--- Data segment ---
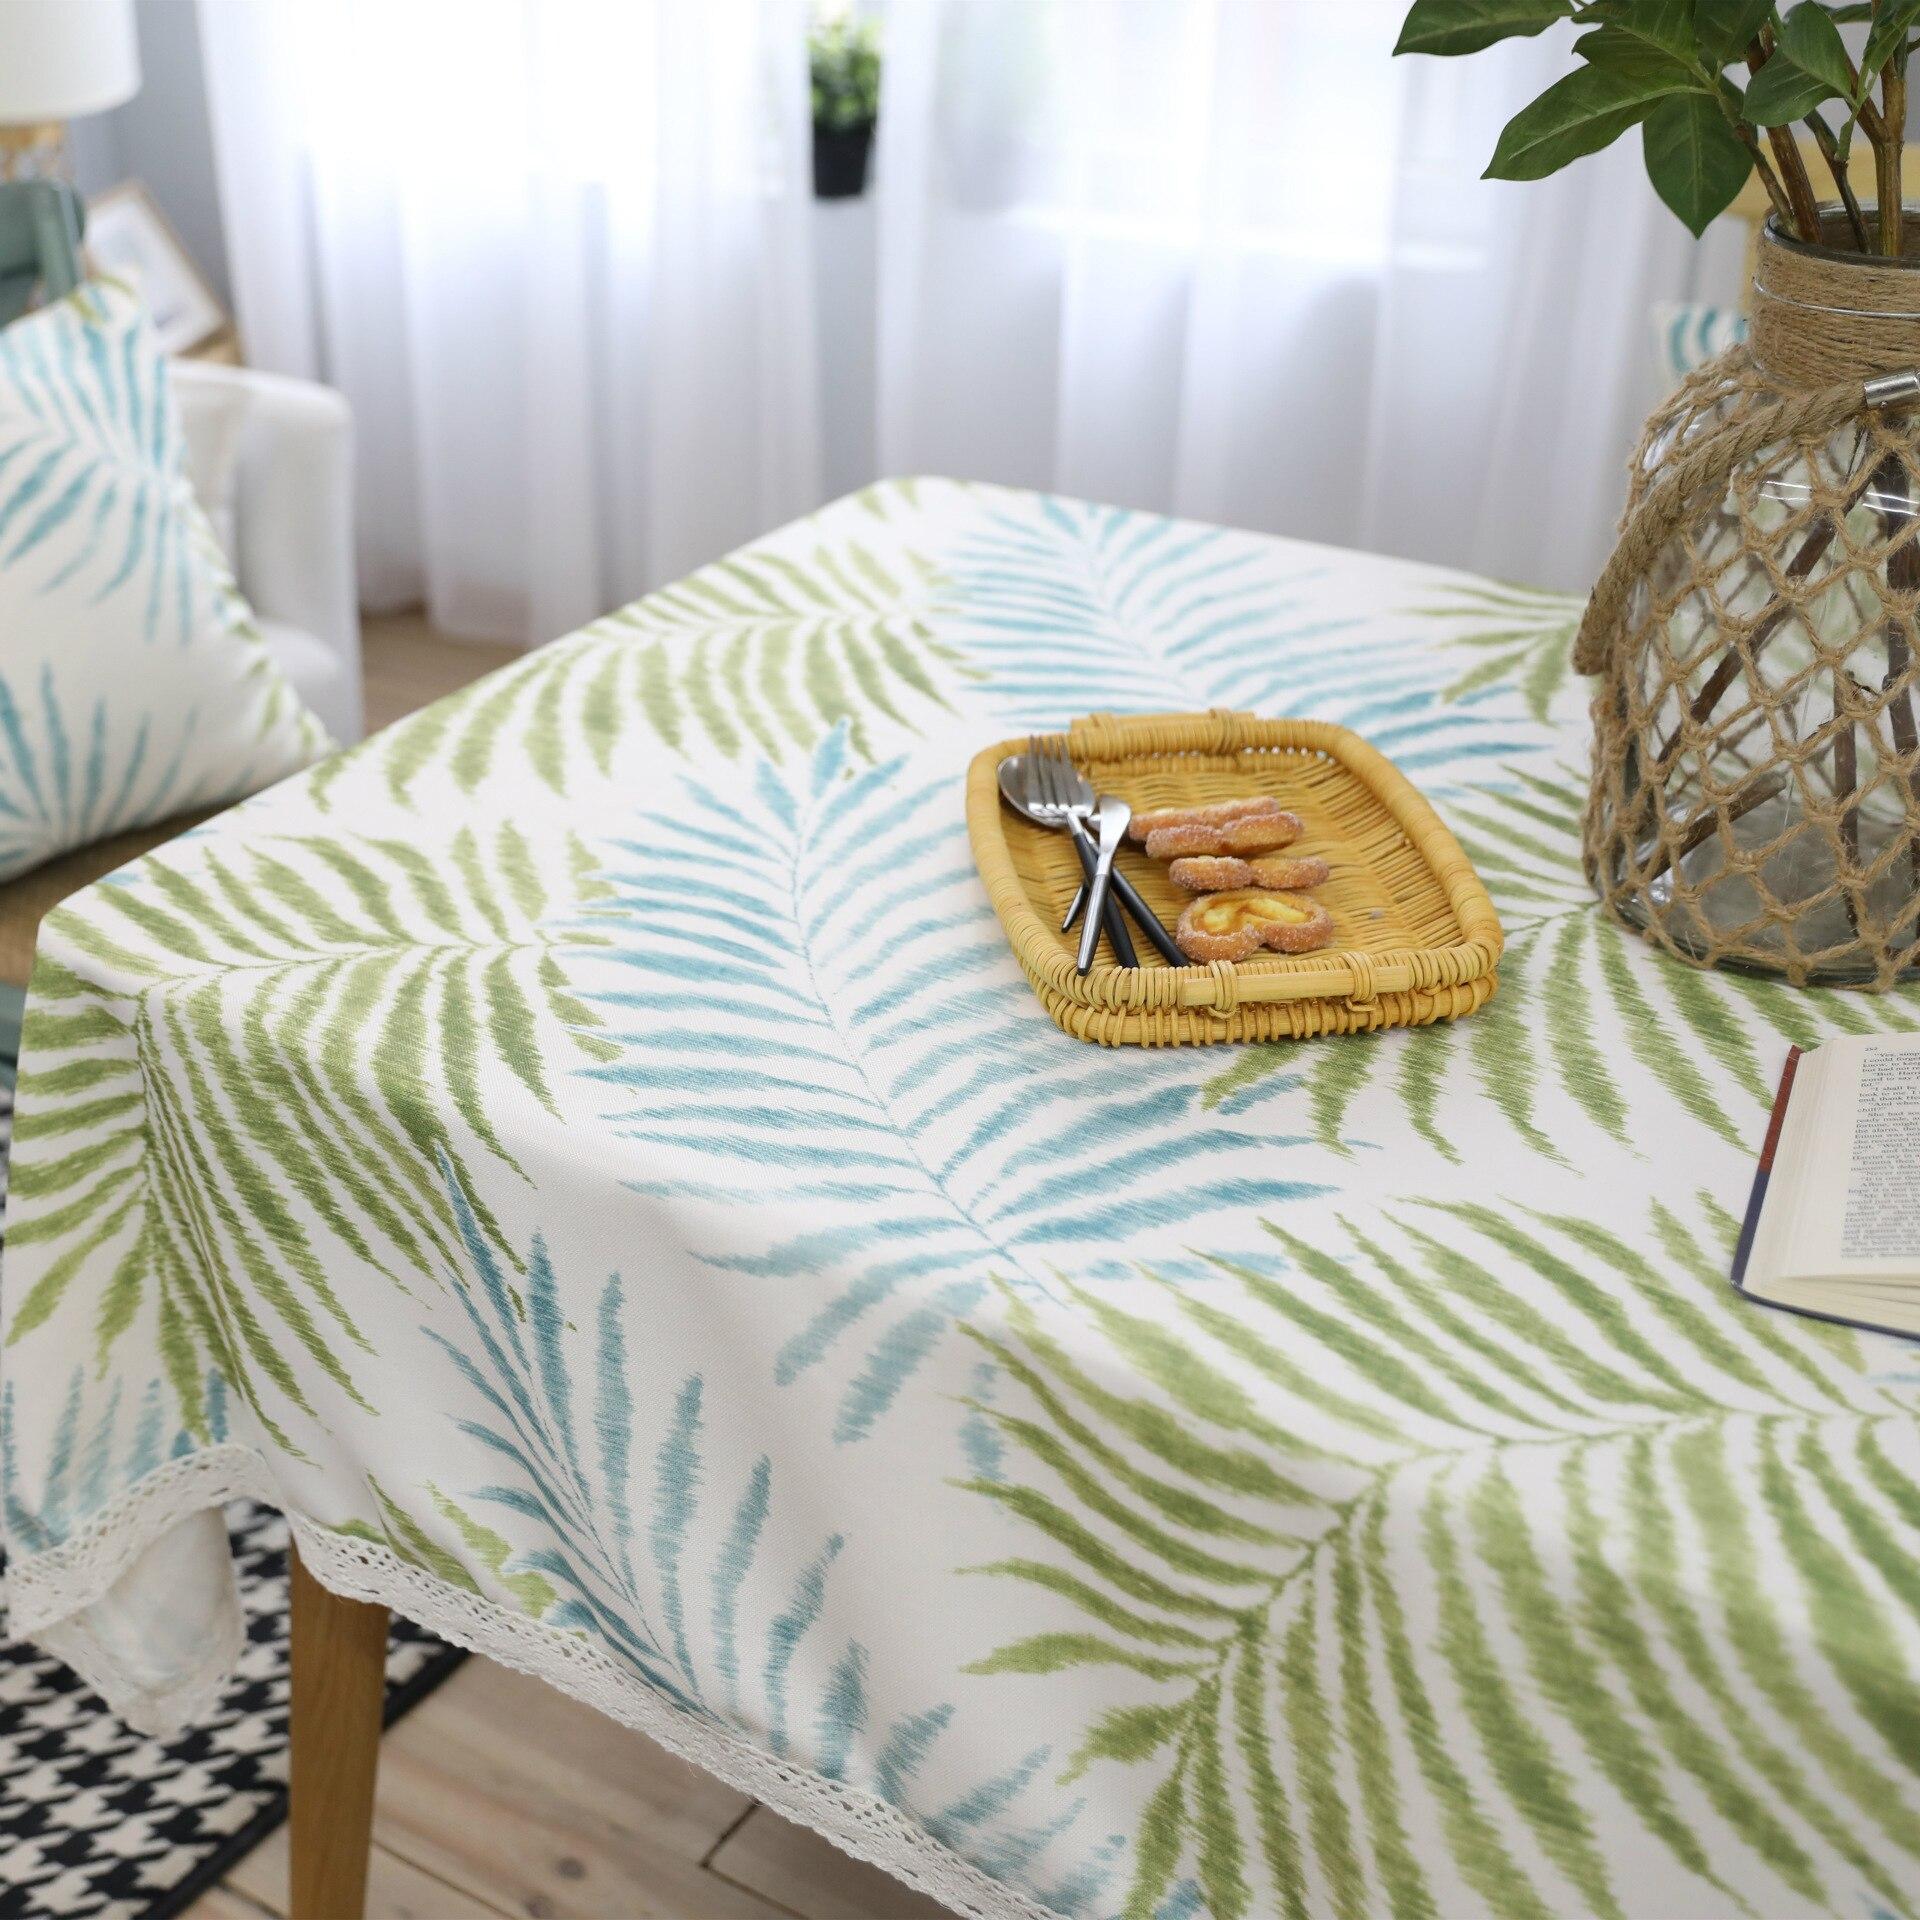 Американский кантри Стиль свежие зеленые листья печатные скатерть хлопок лен Кофе покрытие стола покровно rectangulaire tafelkleed
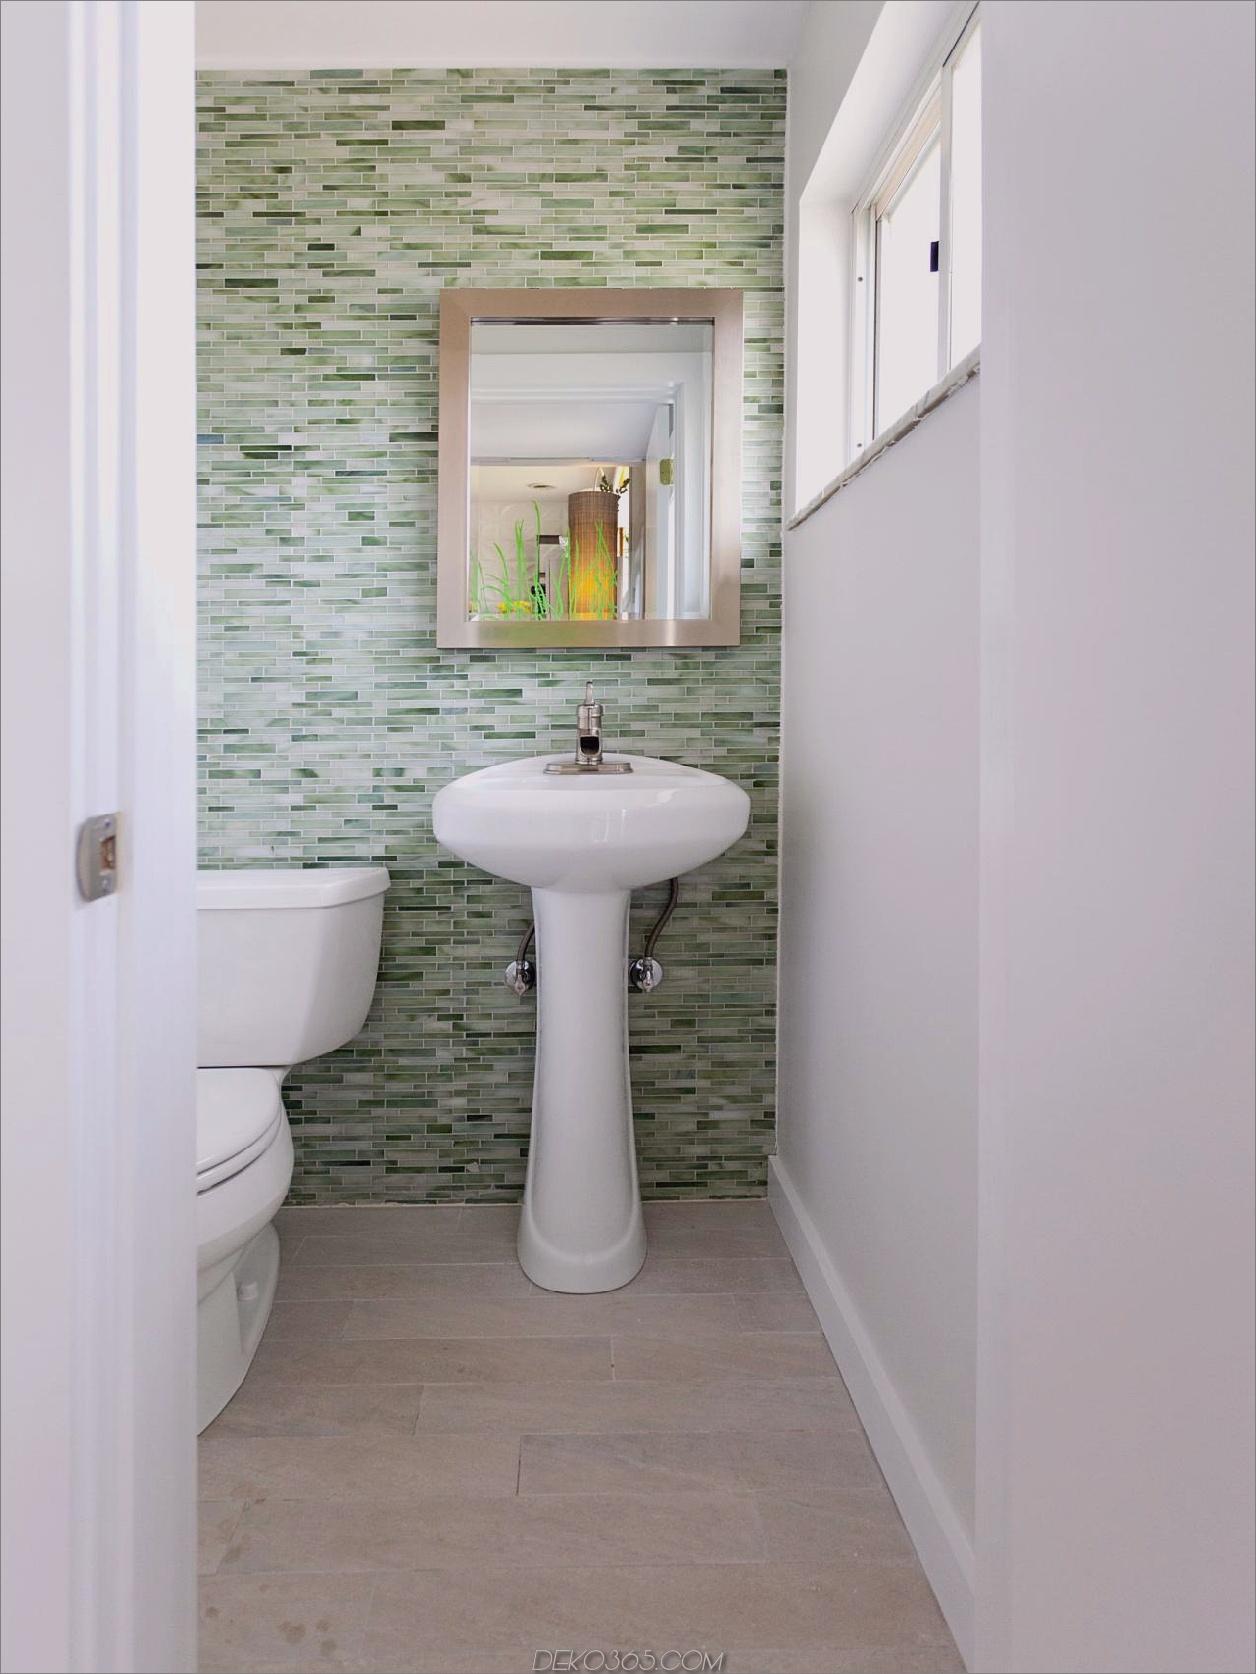 Badezimmerfliesen Grüner Marmor ist der neueste Trend, den Sie lieben werden
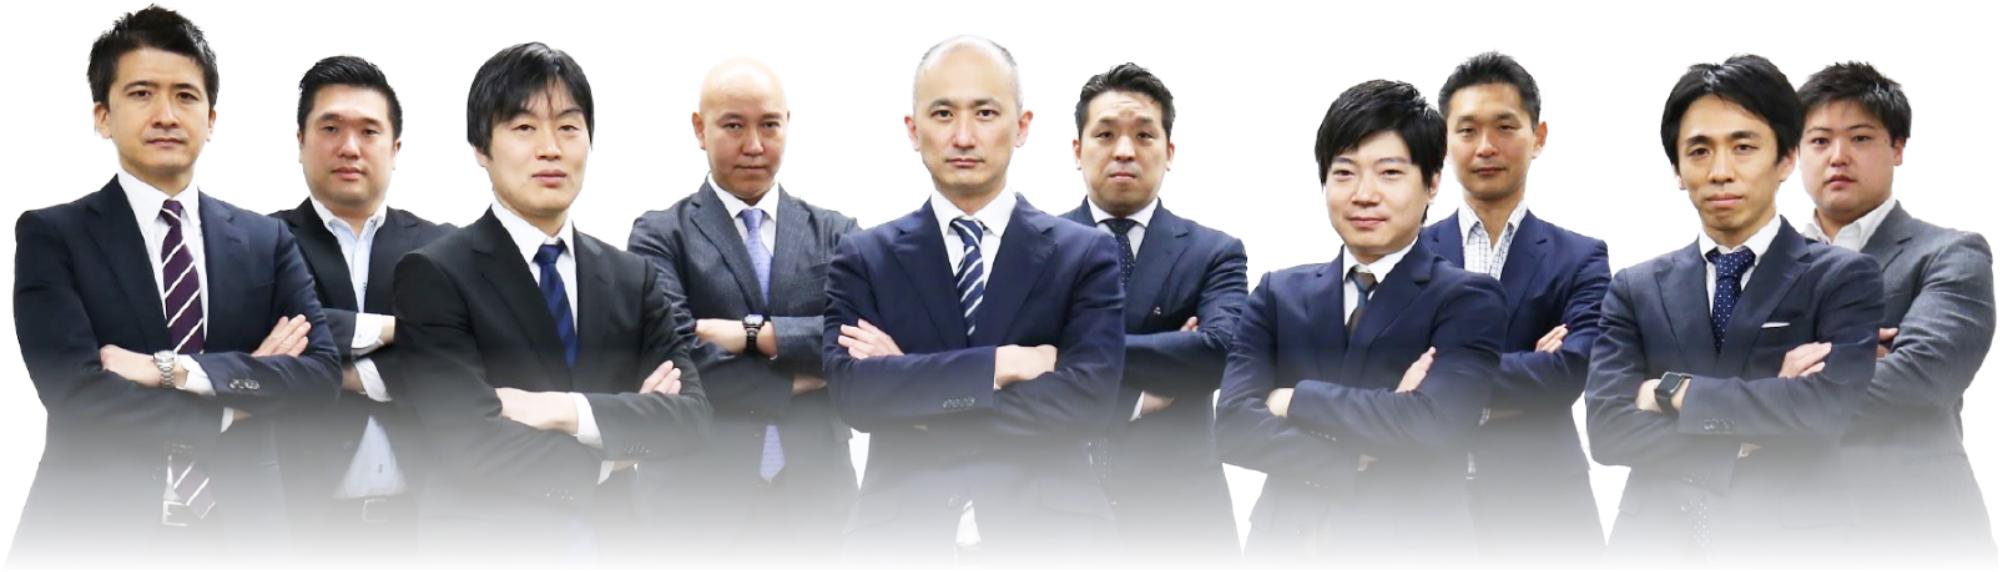 古田土会計グループが誇るトップ未来会計コンサルタント
---
Restate the material word for word; no picture should appear in the copy.

 Американский кантри Стиль свежие зеленые листья печатные скатерть хлопок лен Кофе покрытие стола покровно rectangulaire tafelkleed
 Badezimmerfliesen Grüner Marmor ist der neueste Trend, den Sie lieben werden
 古田土会計グループが誇るトップ未来会計コンサルタント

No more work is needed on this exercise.